> **EXERCISE REQUIREMENTS**:
Look for the line containing "Golden Chick storefront." and the line containing "WHAT IF? #7" in the entries below. Copy those two and all lines between them exactly, leaving out pictures.
━━━━━ STUDY MATERIAL
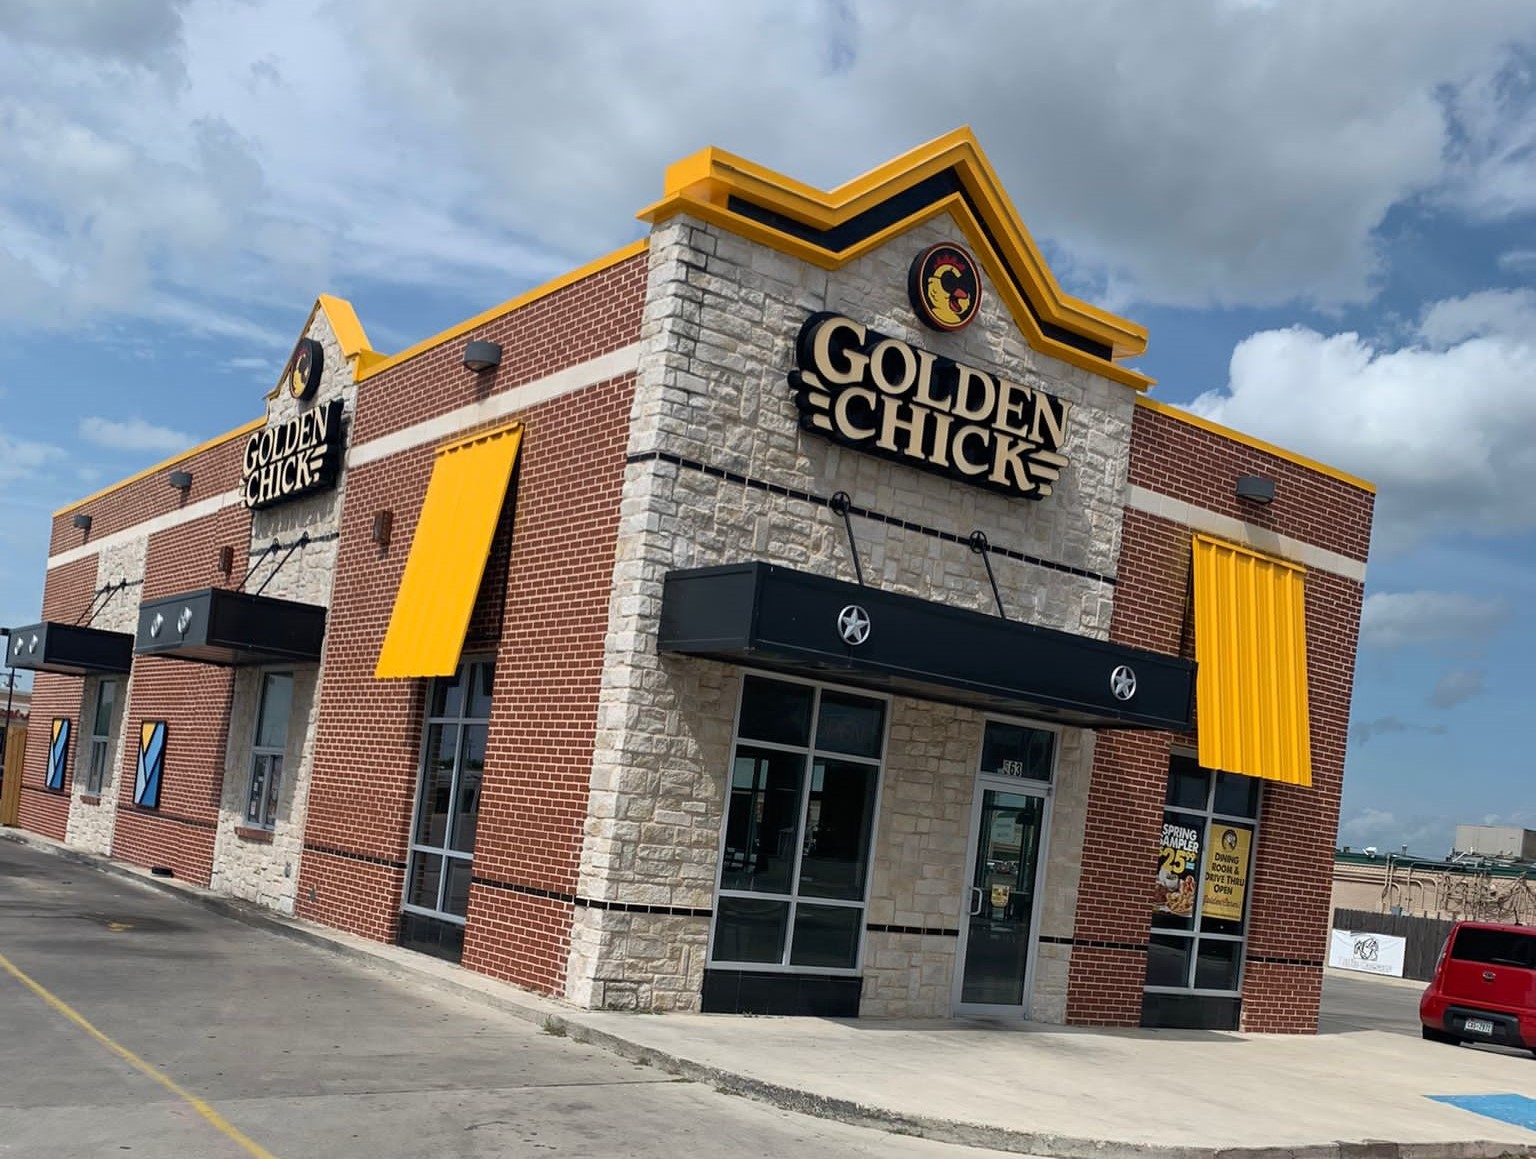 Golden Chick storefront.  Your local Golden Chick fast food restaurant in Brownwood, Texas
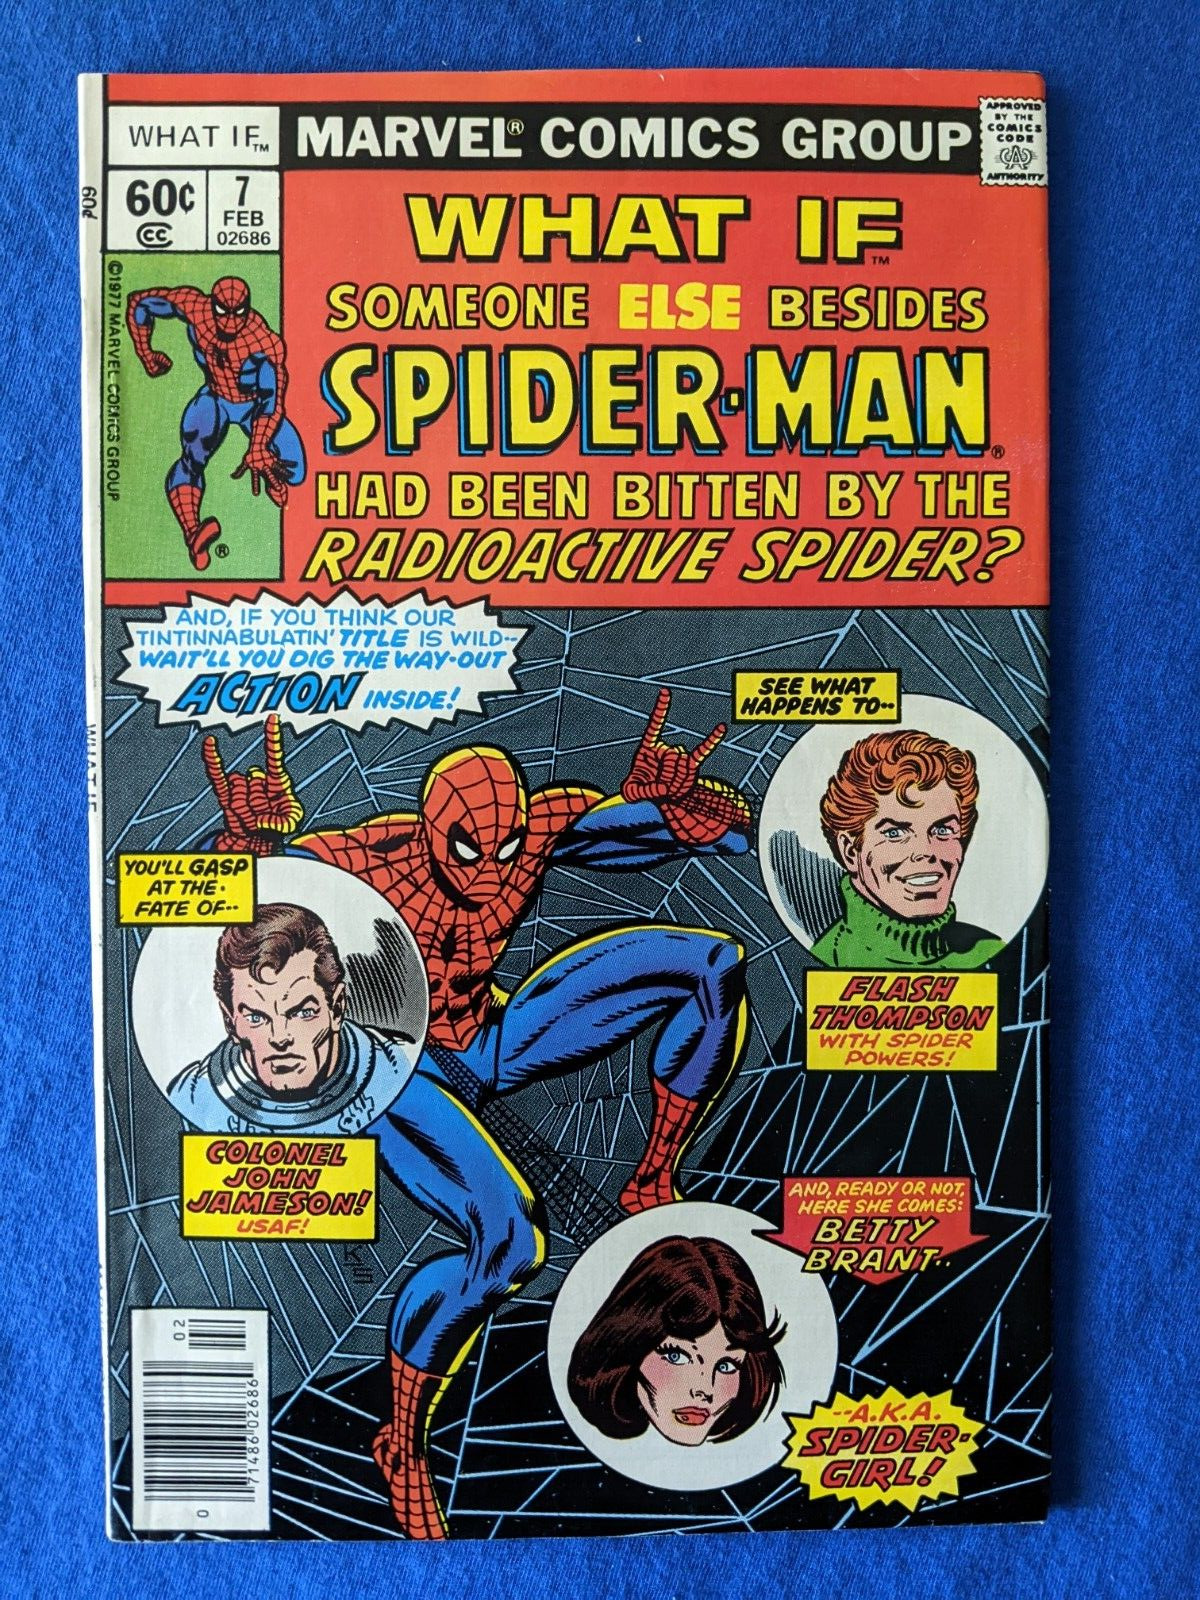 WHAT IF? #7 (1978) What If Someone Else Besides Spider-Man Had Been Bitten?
━━━━━━━━━━
━━━━━ STUDY MATERIAL
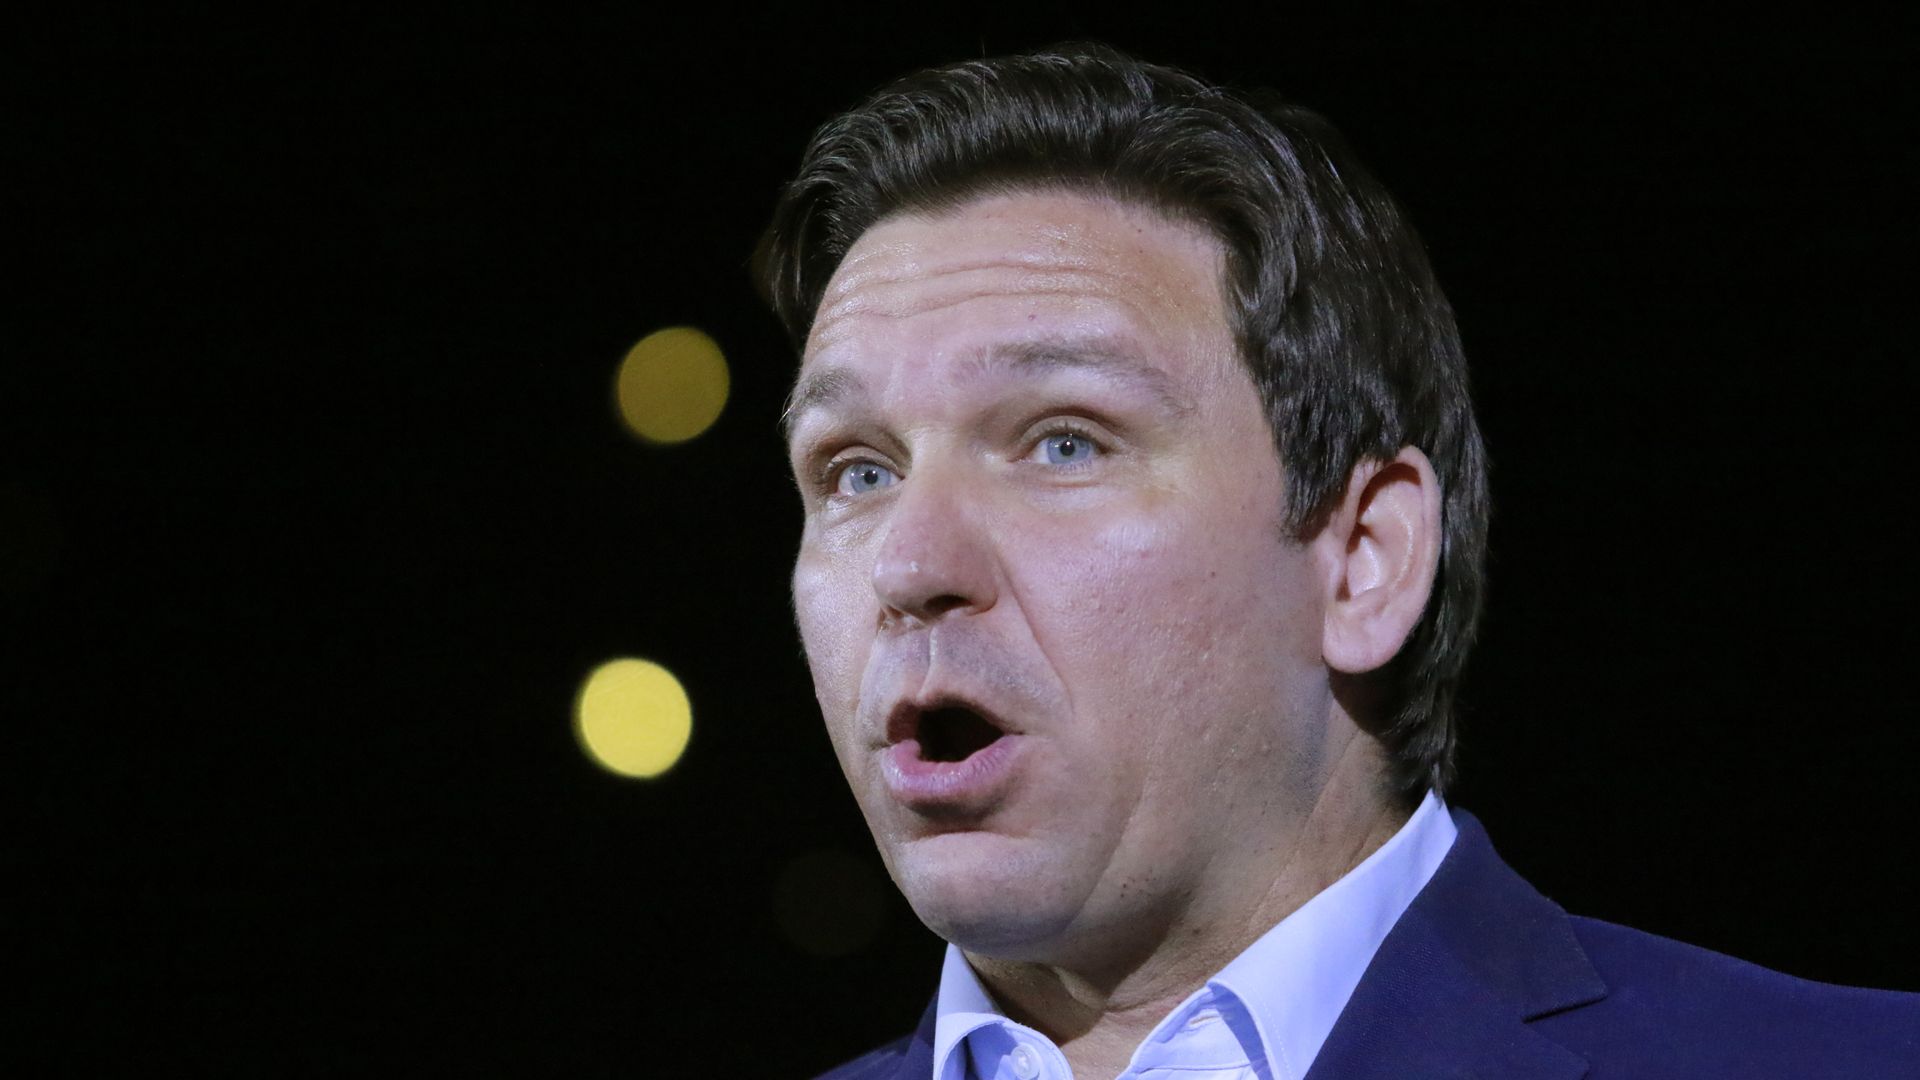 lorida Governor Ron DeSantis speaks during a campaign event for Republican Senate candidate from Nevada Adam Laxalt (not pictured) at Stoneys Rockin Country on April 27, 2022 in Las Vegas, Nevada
━━━━━━━━━━
> **ANSWER TO THIS PROBLEM**:
 Golden Chick storefront.  Your local Golden Chick fast food restaurant in Brownwood, Texas
 WHAT IF? #7 (1978) What If Someone Else Besides Spider-Man Had Been Bitten?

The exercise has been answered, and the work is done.